Oh yeah, I forgot to mention they are Mbuna Cichlids. That I know.


----------



## BigFish77 (Feb 1, 2009)

Honestly the best place to start is read alot and look at profiles. You can check the review section for local or online stores. Most chain type of places will stock and sell mixed africans while providing no info. Surely that doesnt help that much, but you have to read and research things in this hobby.


----------



## sgwn73 (Jan 1, 2010)

Ask him... what is your daddy and what does he do?

LOL

If your fish seems to match the "standards" of the species profile...odds are he is probably pure. There a lol of hybrids out there (asst africans in most LFS) post pics here...that would help us as well!


----------



## Constance (Mar 29, 2010)

BigFish77 said:


> Honestly the best place to start is read alot and look at profiles. You can check the review section for local or online stores. Most chain type of places will stock and sell mixed africans while providing no info. Surely that doesnt help that much, but you have to read and research things in this hobby.

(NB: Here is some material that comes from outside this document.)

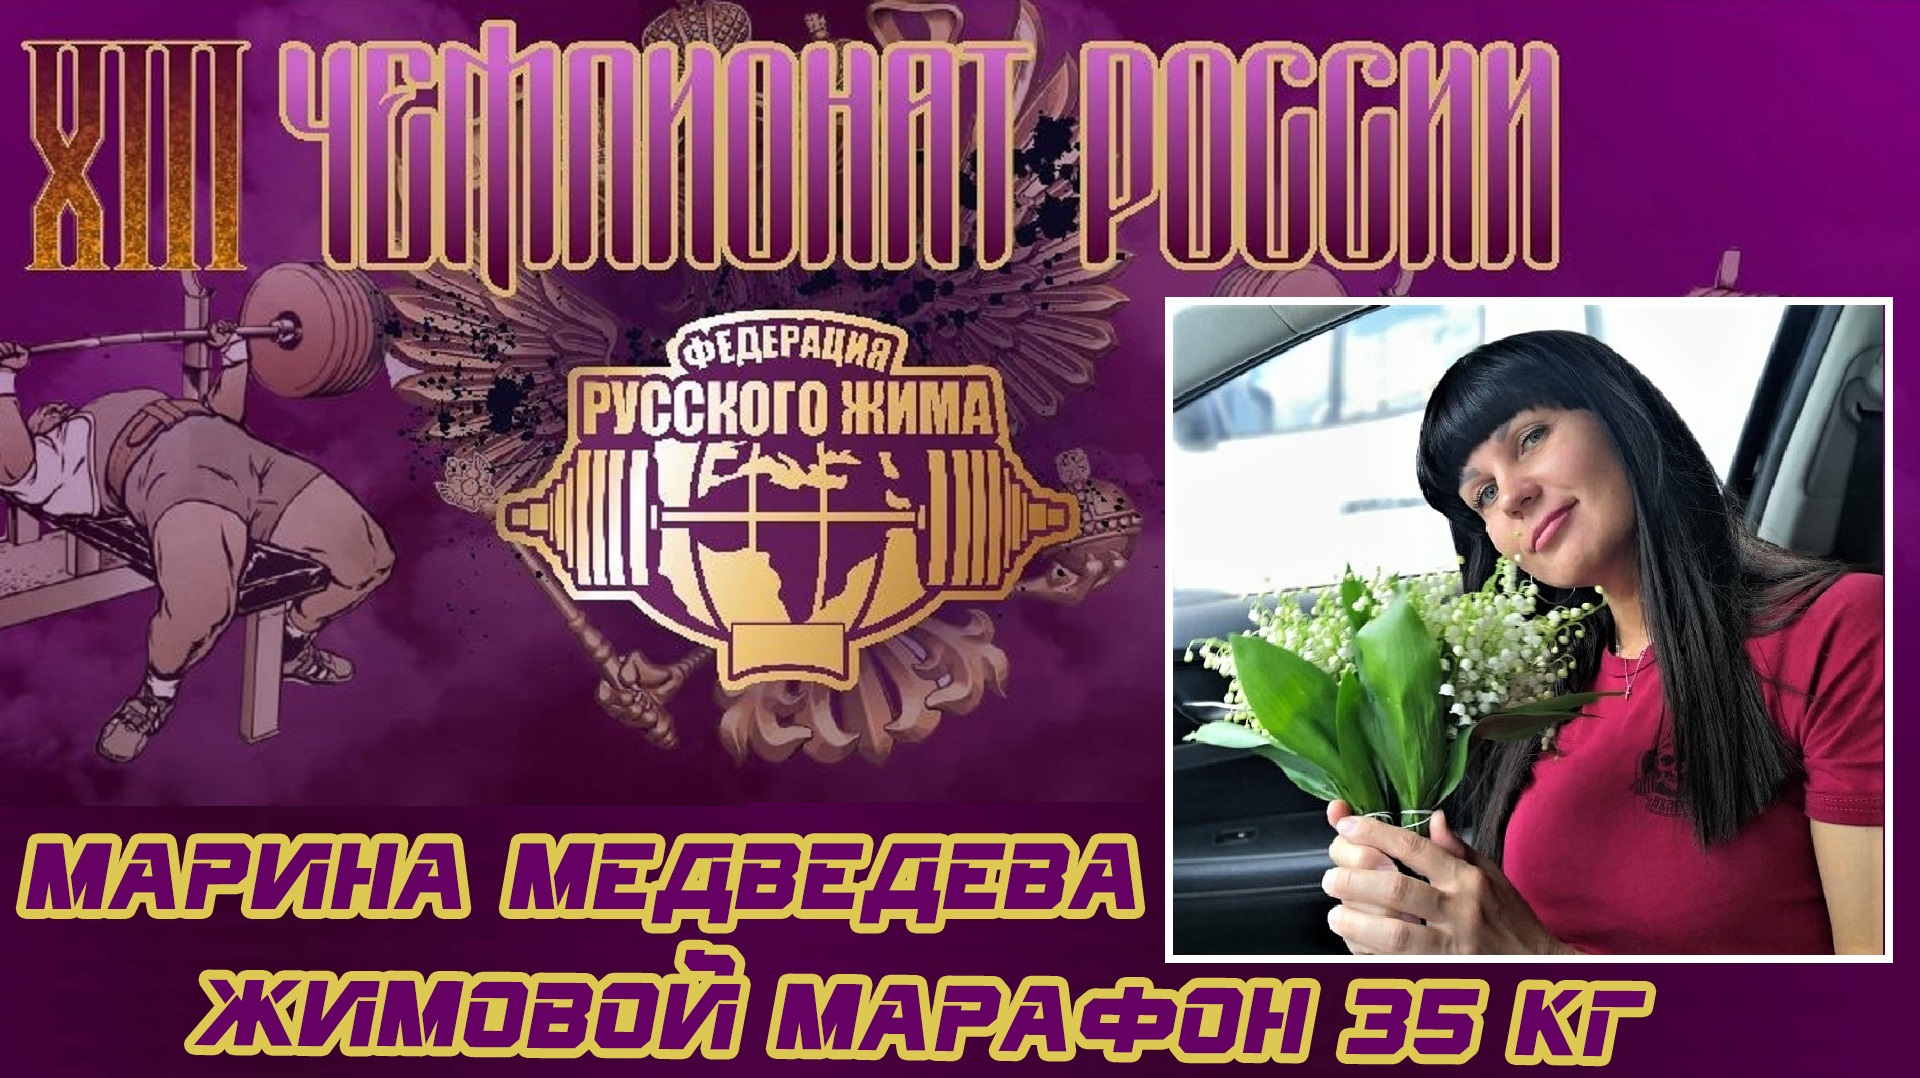 Медведева Марина. XIII ЧЕМПИОНАТ РОССИИ. Жимовой марафон 35х325.

Thank you BigFish77. I've been reading so much info about these fish. I find it interesting. Well, I tried shopping online, the only problem with that is the shipping charges out the a**. So I'm going to stick to the local stores...hopefully I can find the cichlids out of my wishlist.


----------



## Constance (Mar 29, 2010)

sgwn73 said:


> Ask him... what is your daddy and what does he do?
> 
> LOL
> 
> If your fish seems to match the "standards" of the species profile...odds are he is probably pure. There a lol of hybrids out there (asst africans in most LFS) post pics here...that would help us as well!


lol. Well, I finally took a picture of him (I think its a male). I am having a hard time trying to identify him. The closest I can find that looks like him are the Pseudotropheus species but im not 100% sure:


----------



## HDrydr (Mar 22, 2010)

Having cichlids as a hobby is a very fun and interesting one!! Welcome!! I've had cichlids for 20+ years and by no means do I know everything!! LOL but I do alot of reading and I never buy my fish from the LFS I always try and find a good breeder to get my stock from. 
Everyone on this board is great and post pictures of your fish and also check out the profiles they have helped me!!


----------



## Guams (Aug 21, 2009)

It looks to me like it's a poor quality Labidochromis caeruleus (yellow lab) or hybrid of that species and some other species. It could be pure, but if it is, it sure didn't come from a good line, sorry to say. How big is it?

That said, I would stop yourself from buying your stock at Wal-Mart since you'll never know exactly what you have. Try to find a local club in your area and squeeze some advice out of the members. They'll get you pointed in the right direction, and you'll find a lot of people with good quality fish.


----------



## ASTYLIN (Feb 24, 2010)

I agree with Guams.....


----------



## Constance (Mar 29, 2010)

Yeah, I've looked up yellow lab hybrids and it looks just like it. Awwe poo.....I've got a hybrid. I dont know what to do with it now. It's pretty in it's own way but it's so mean to the other cichlids. Walmart wont take it back unless it's dead and I dont want to kill it. I might give it to my nephew since his fish tank is empty >_>
He is about 3 inches long. I guess that's about full grown?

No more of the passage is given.